STORED DATA section start

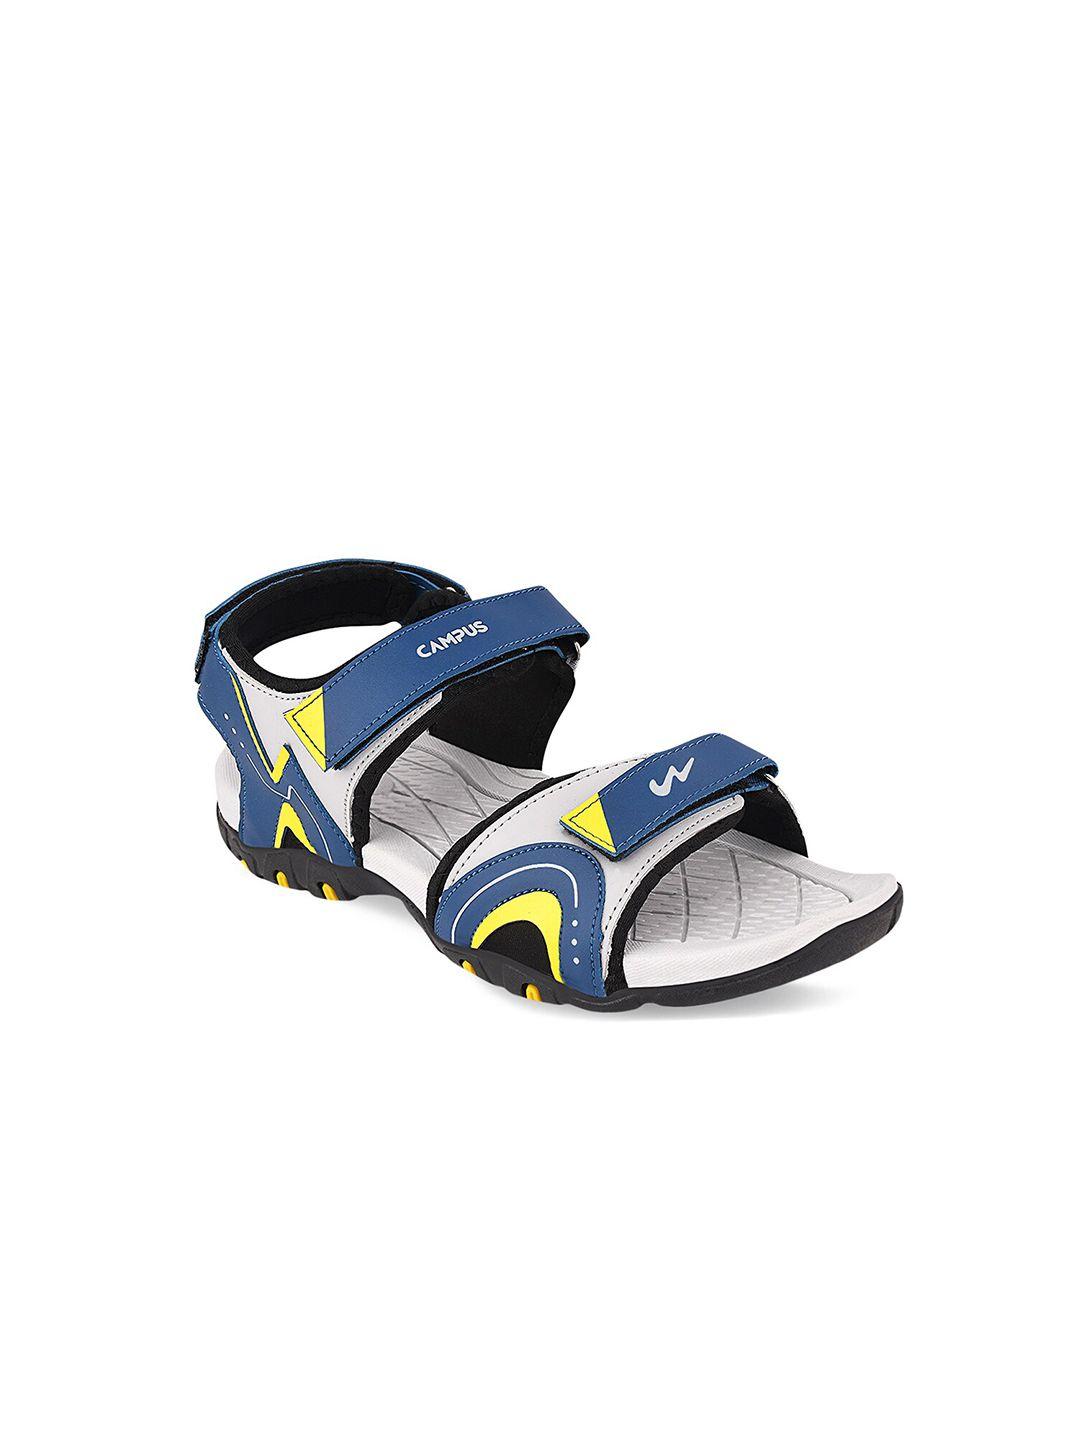 campus-men-blue-&-yellow-comfort-sandals
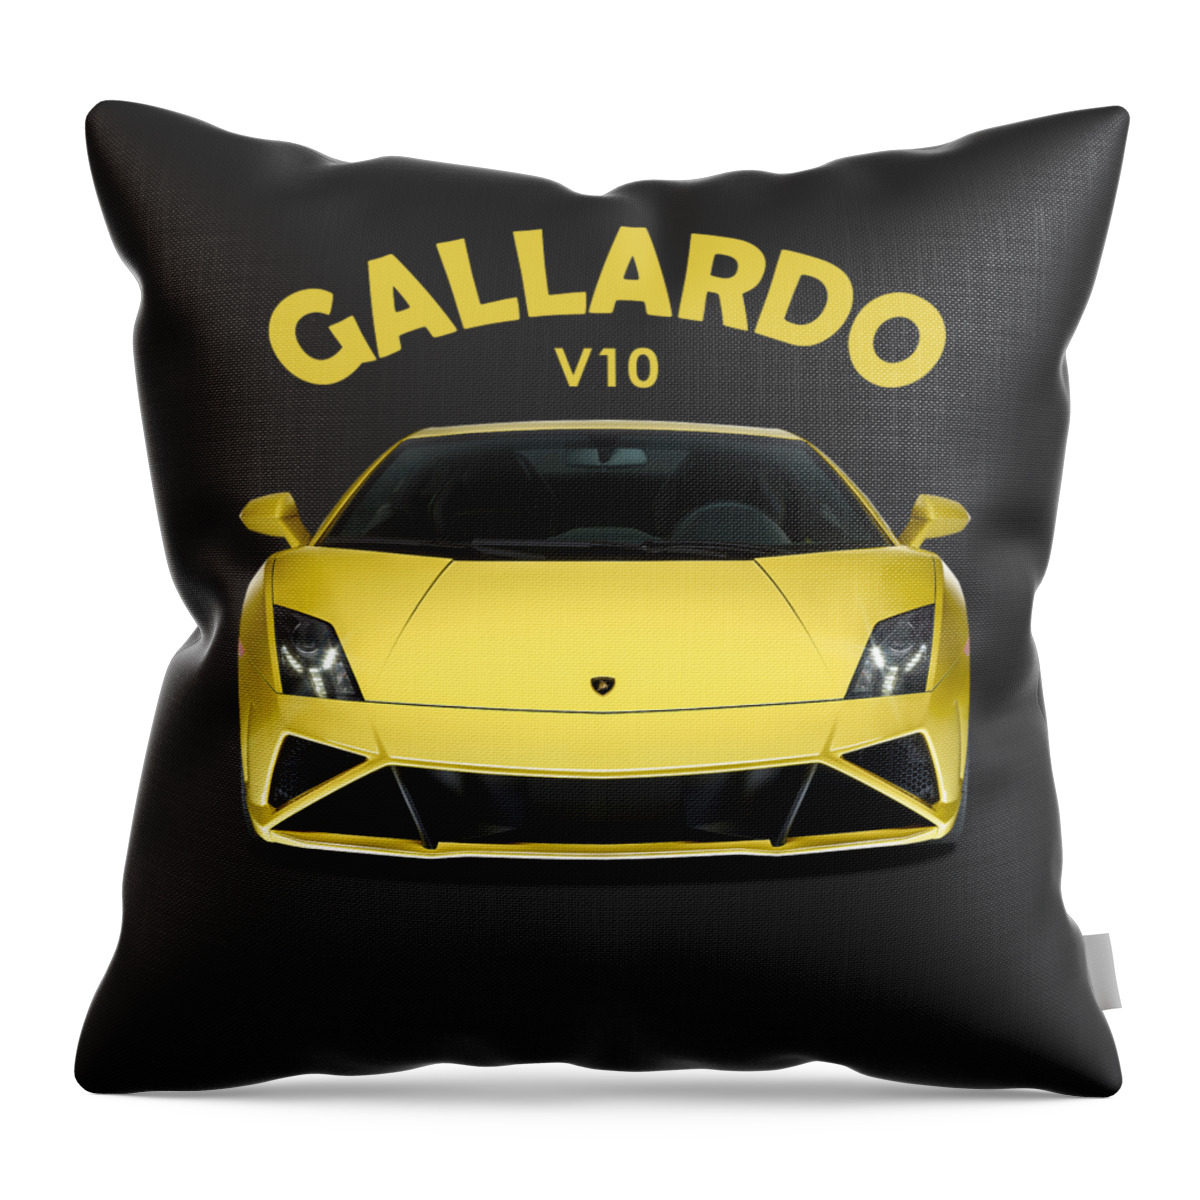 Lamborghini Gallardo Throw Pillow featuring the photograph The Gallardo #2 by Mark Rogan
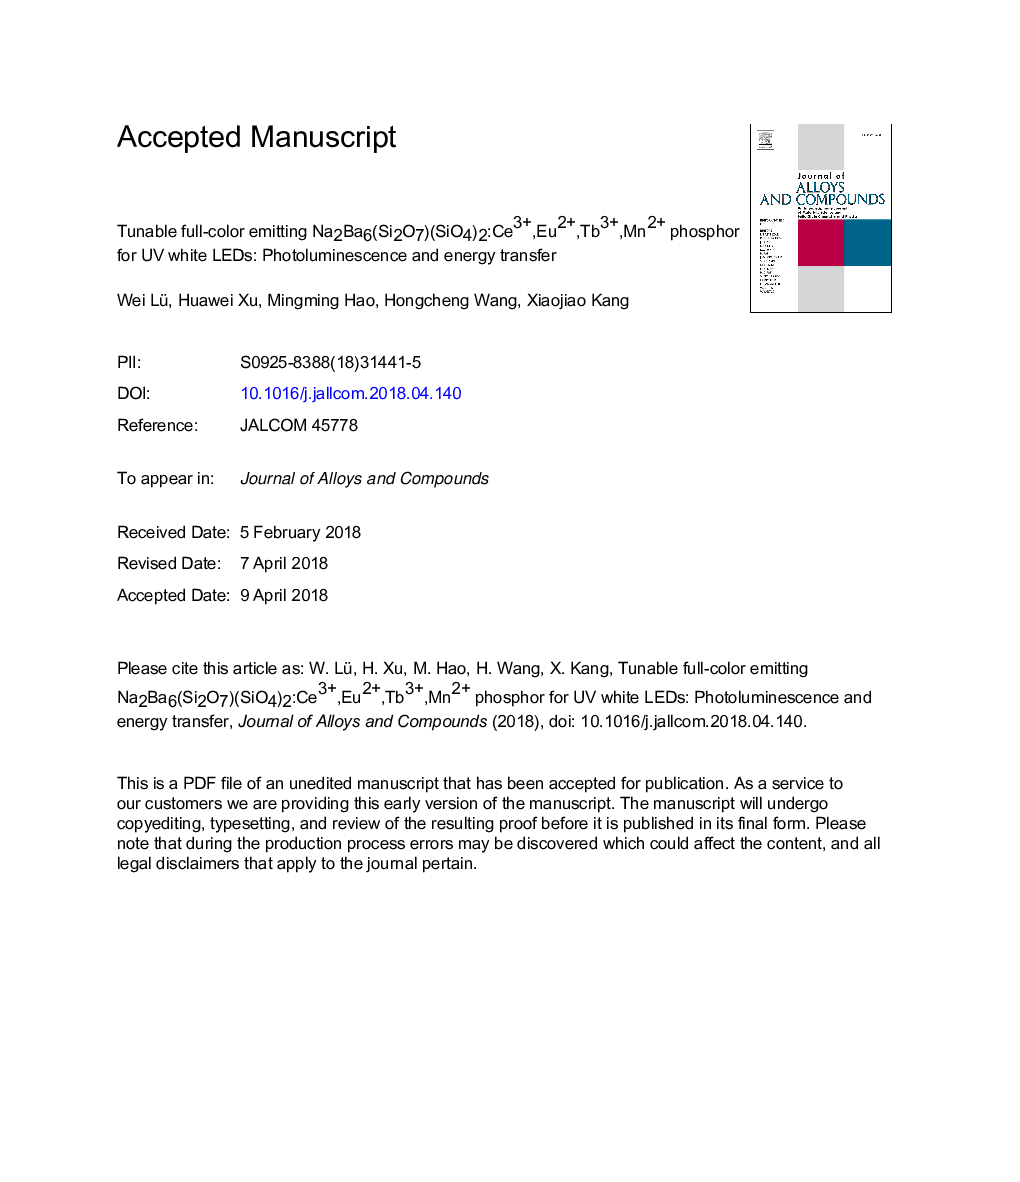 Tunable full-color emitting Na2Ba6(Si2O7)(SiO4)2:Ce3+,Eu2+,Tb3+,Mn2+ phosphor for UV white LEDs: Photoluminescence and energy transfer
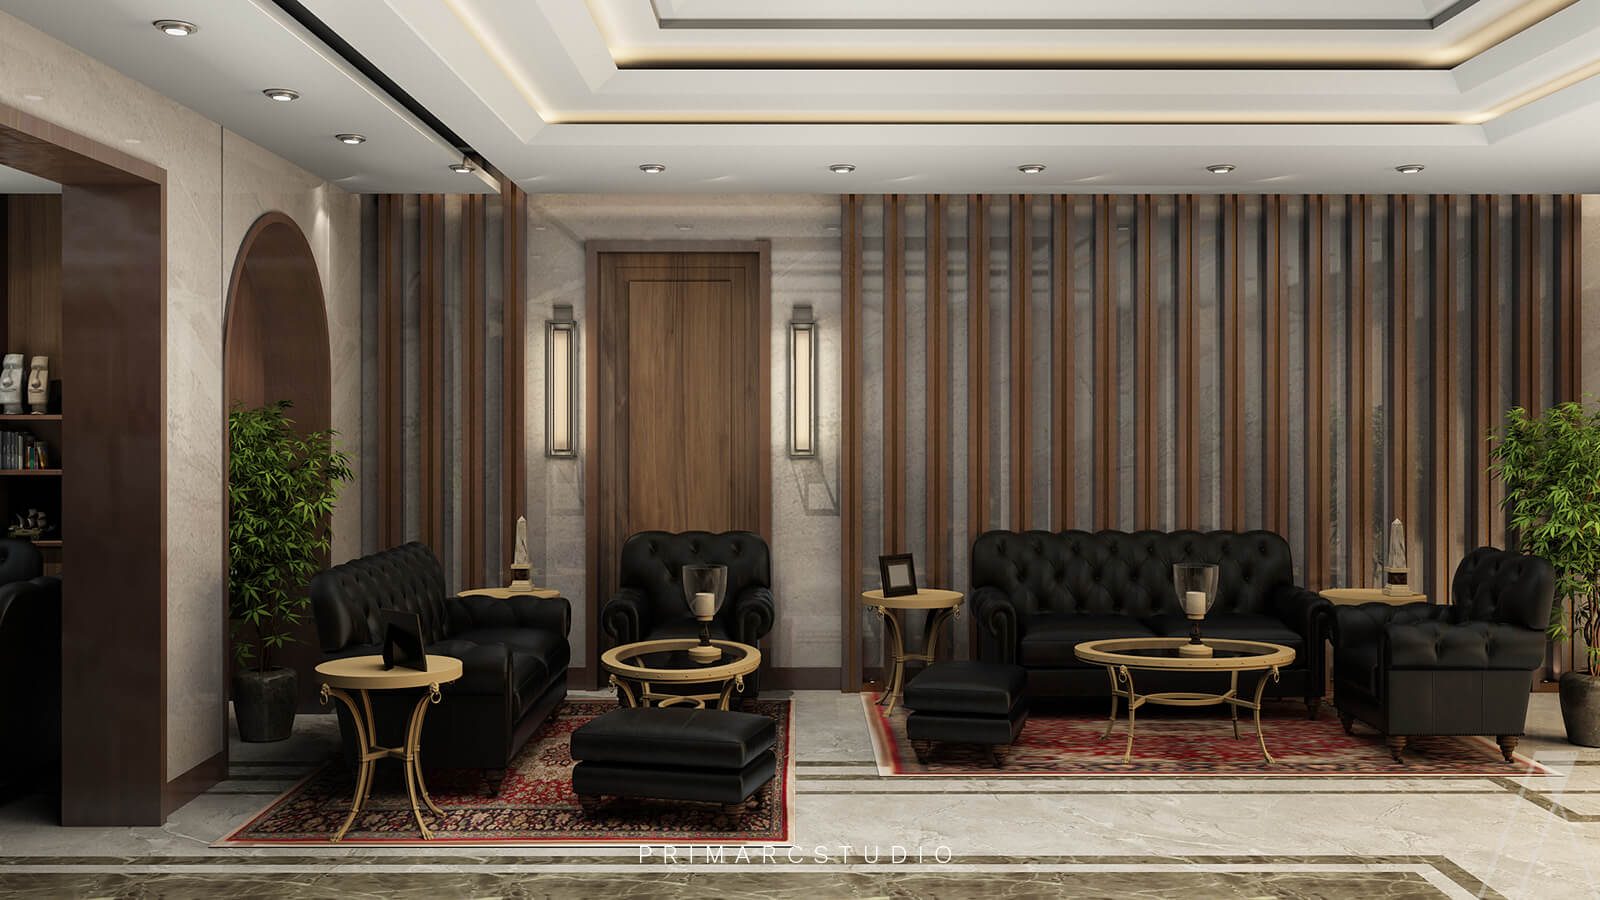 Sitting area in a lounge's interior design

STORED DATA section end

*YOUR ASSIGNMENT*
All lines from the line containing "Lamborghini Gallardo Throw" through the end of the listing above are to be given again exactly; pictures are not part of the copy.

*REPLY*
 Lamborghini Gallardo Throw Pillow featuring the photograph The Gallardo #2 by Mark Rogan
 Tunable full-color emitting Na2Ba6(Si2O7)(SiO4)2:Ce3+,Eu2+,Tb3+,Mn2+ phosphor for UV white LEDs: Photoluminescence and energy transfer
 Sitting area in a lounge's interior design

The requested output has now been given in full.